**What is required**
From the data below, retype exactly the lines starting with the one that contains "Shark Ocean Jaws" and ending with the one that contains "Scout Leader Tote Bag With Leader Design", both included.

**Material supplied**

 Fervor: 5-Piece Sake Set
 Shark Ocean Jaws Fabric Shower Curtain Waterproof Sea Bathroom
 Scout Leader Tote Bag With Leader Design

--

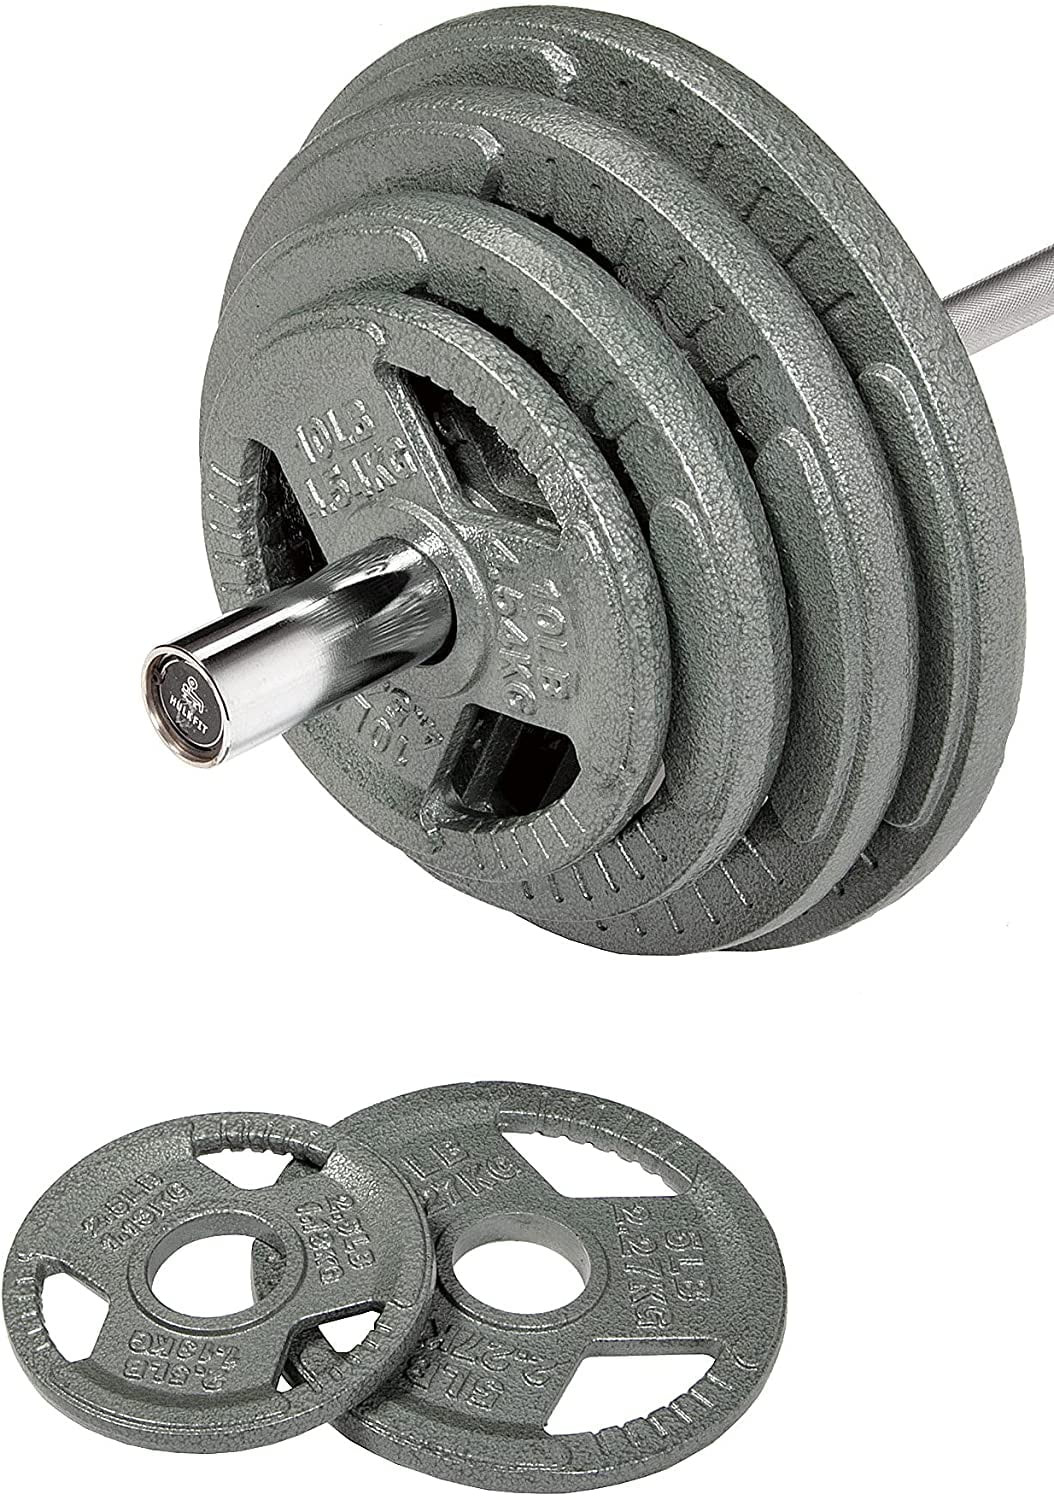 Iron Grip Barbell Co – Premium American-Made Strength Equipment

**Solved problem**
 Shark Ocean Jaws Fabric Shower Curtain Waterproof Sea Bathroom
 Scout Leader Tote Bag With Leader Design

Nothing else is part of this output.